[FOM] Re: Formal nature of mathematics

[Dmytro Taranovsky]

Vladimir Sazonov wrote,
> For example, I ASSERT, not as a mere speculation, that there is a
> simple, but rather unusual FORMAL system of axioms and proof
> rules in which a (semi)set of natural numbers 0,1,2,... < 1000
> is FORMALLY definable which is PROVABLY closed under successor
> and is also upper bounded by the number 1000. Quite intuitive
> informal examples of such semisets from our real world are well
> known (e.g. presented by P. Vopenka).

I think Sazonov meant 2^1000 instead of 1000, and even that is
insufficient if we allow binary representations and closure under
feasible addition.  Something like 2^2^64 would be needed for
contemporary computer science, and even more for an accurate
representation of physical reality.

However, we can restrict natural numbers to those less than 2^1024 if we
also allow, as a different type, arbitrary sets of those numbers (or
alternatively, binary sequences of integral length).  

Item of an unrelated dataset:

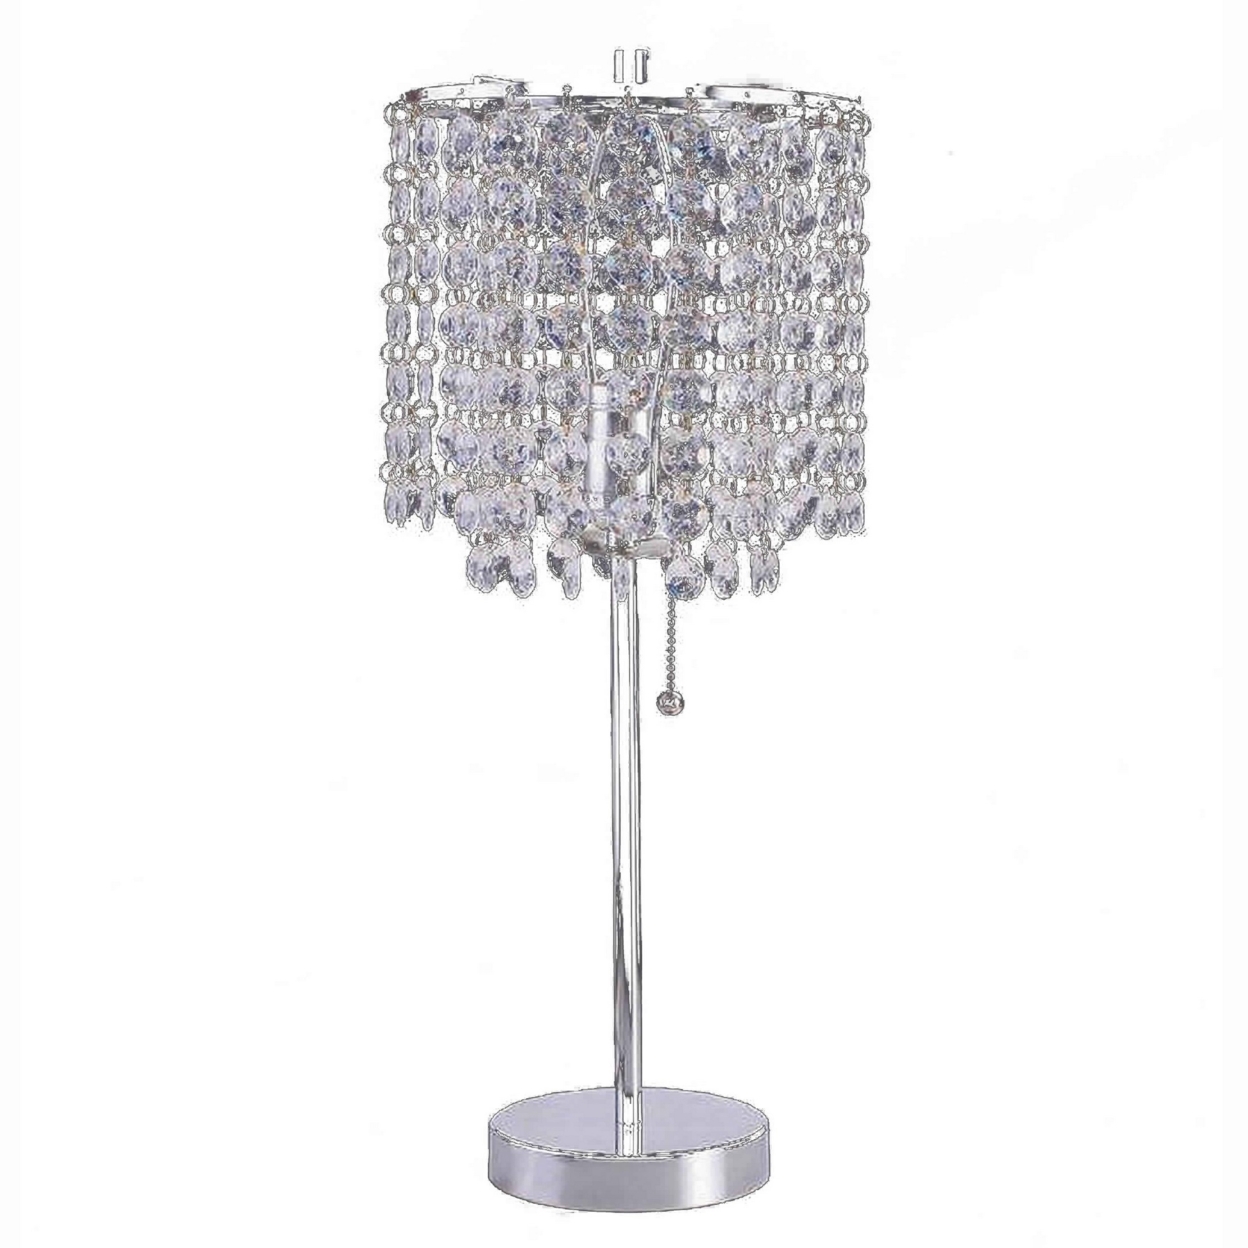 Chandelier Crystal Accented Table Lamp With Tubular Frame, Chrome And Clear- Saltoro Sherpi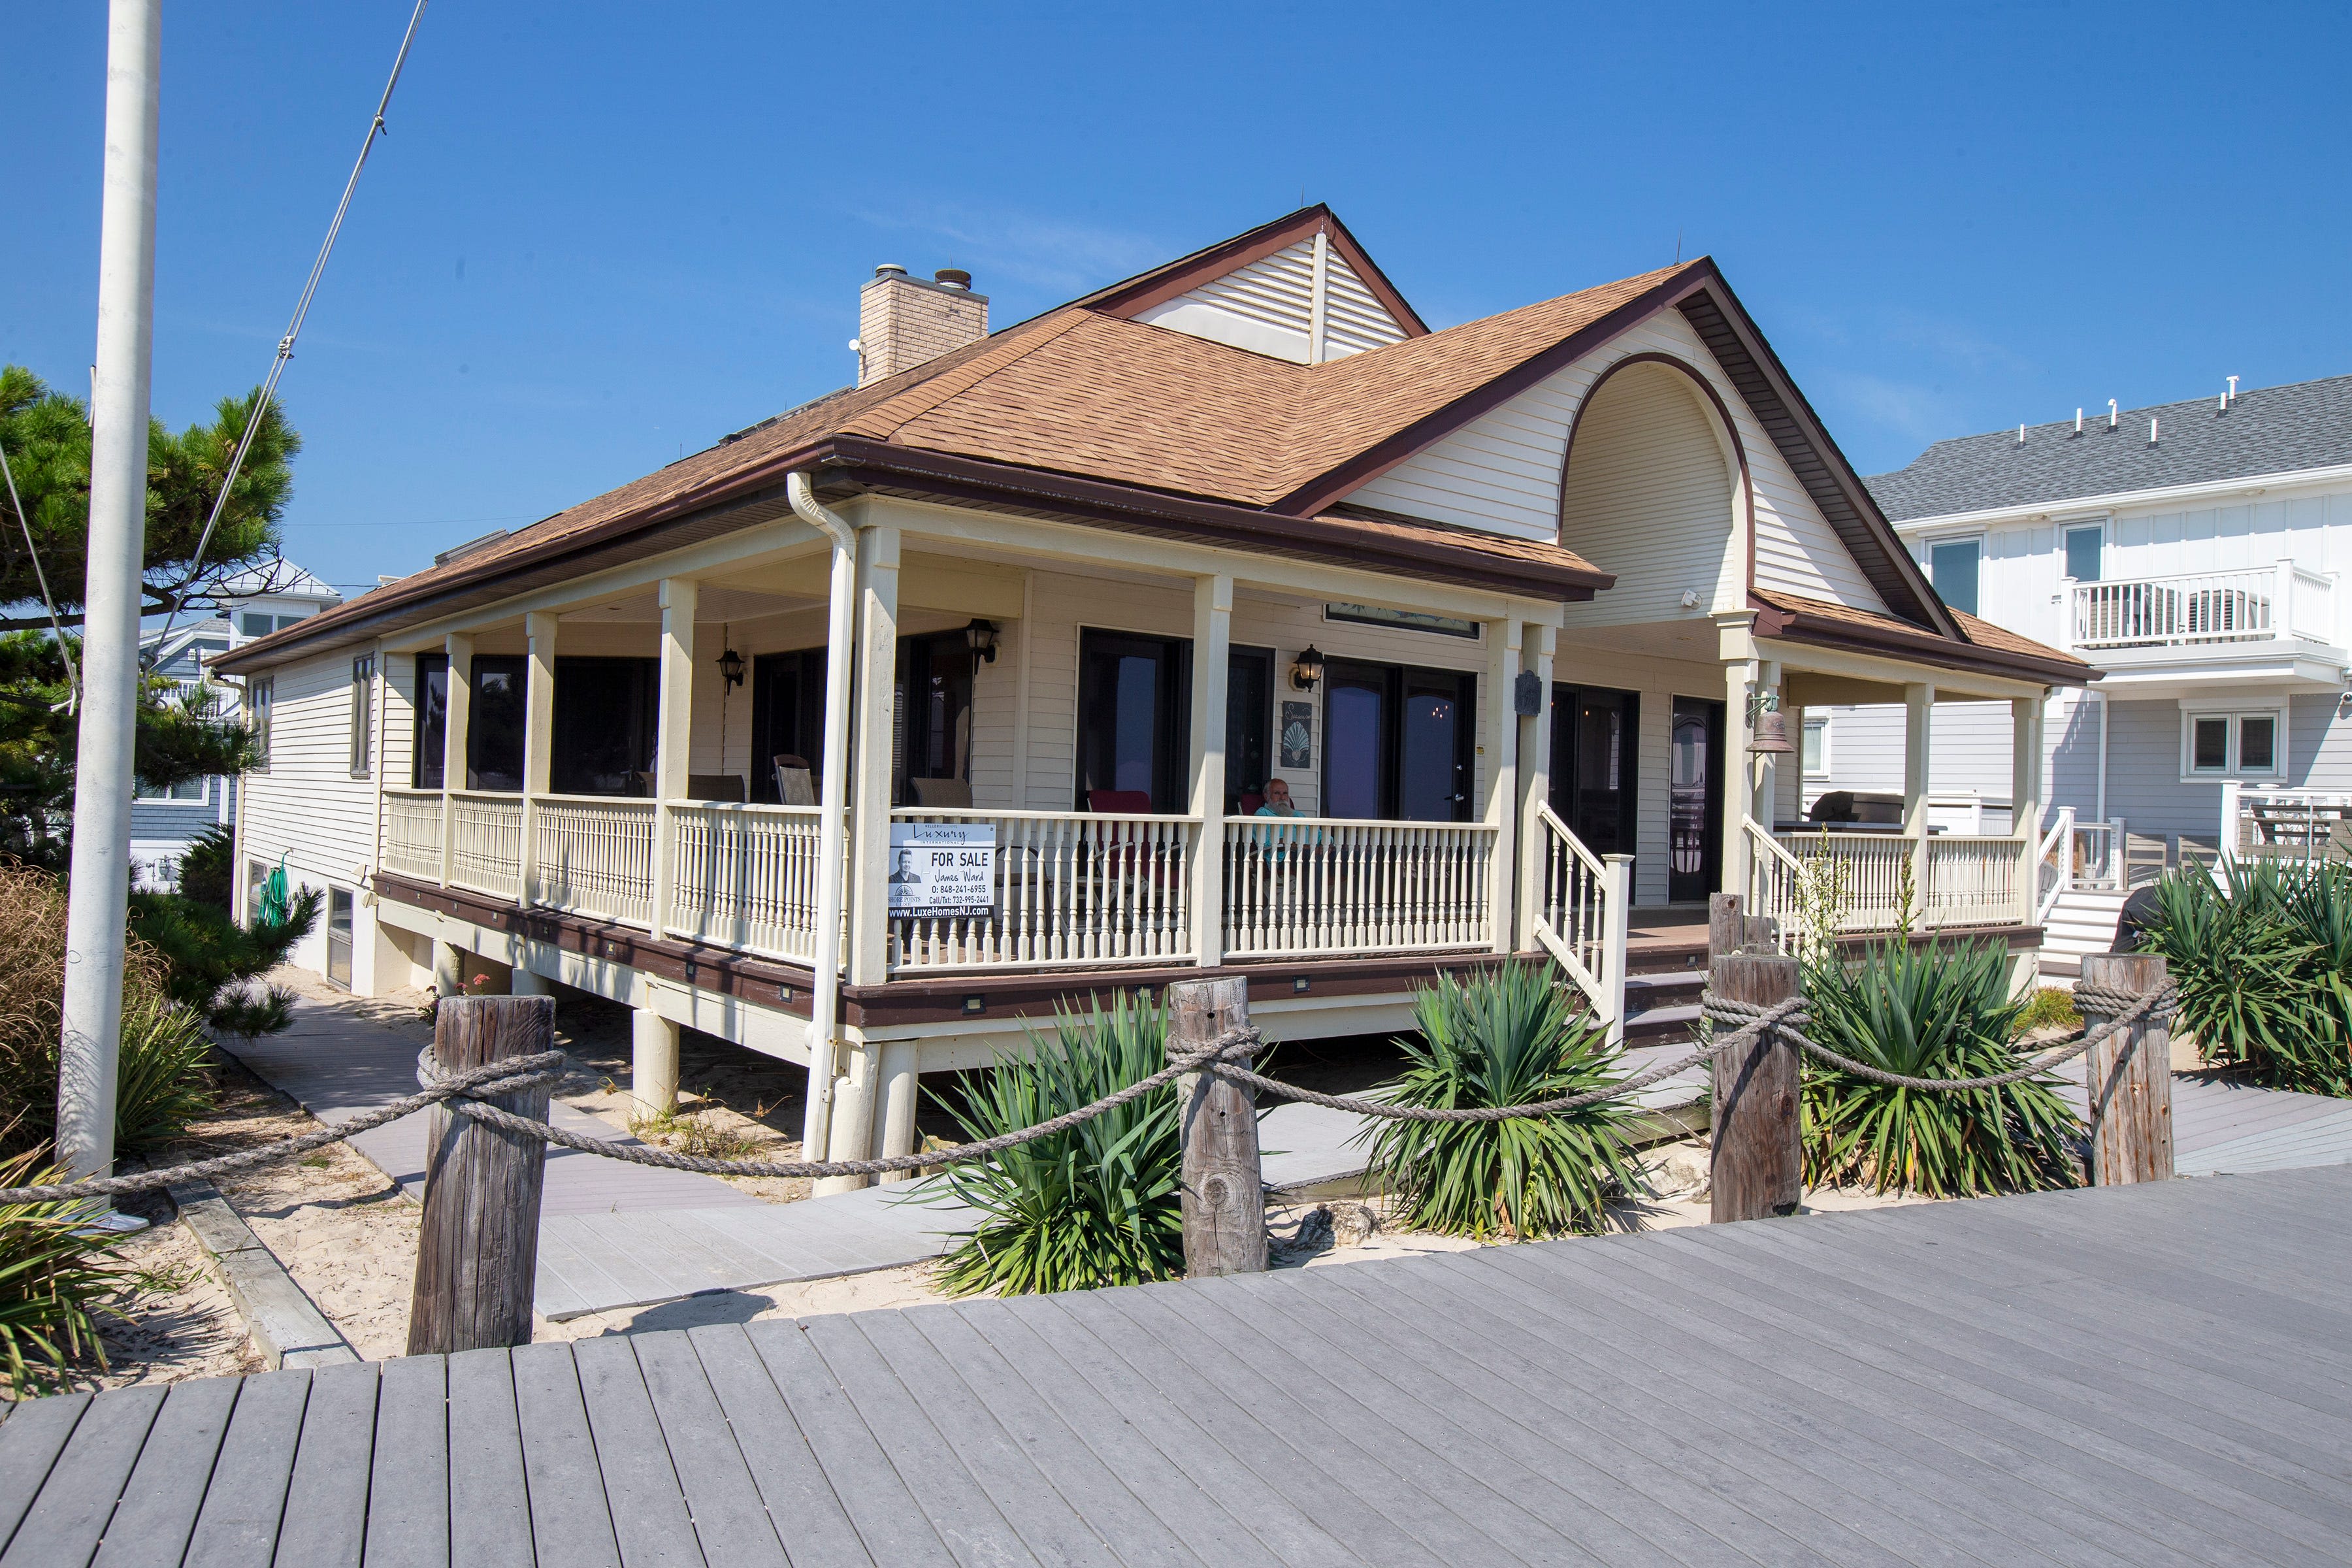 'Sinatra house' in Point Pleasant Beach sells for about half initial asking price

Anyway, the system would be cleaner if we do not postulate closure under
successor.  We do not know that no future storage device will hold
2^1024 symbols, and it is logically true that there is the largest
feasible natural number.  

Another approach is that of finite quasi-models, as I described in
http://www.cs.nyu.edu/pipermail/fom/2005-November/009318.html
In a finite quasi-model of, say, Peano Arithmetic, unfeasible statements
can be meaningless, which prevents it from being contradictory.  

Sincerely,
Dmytro Taranovsky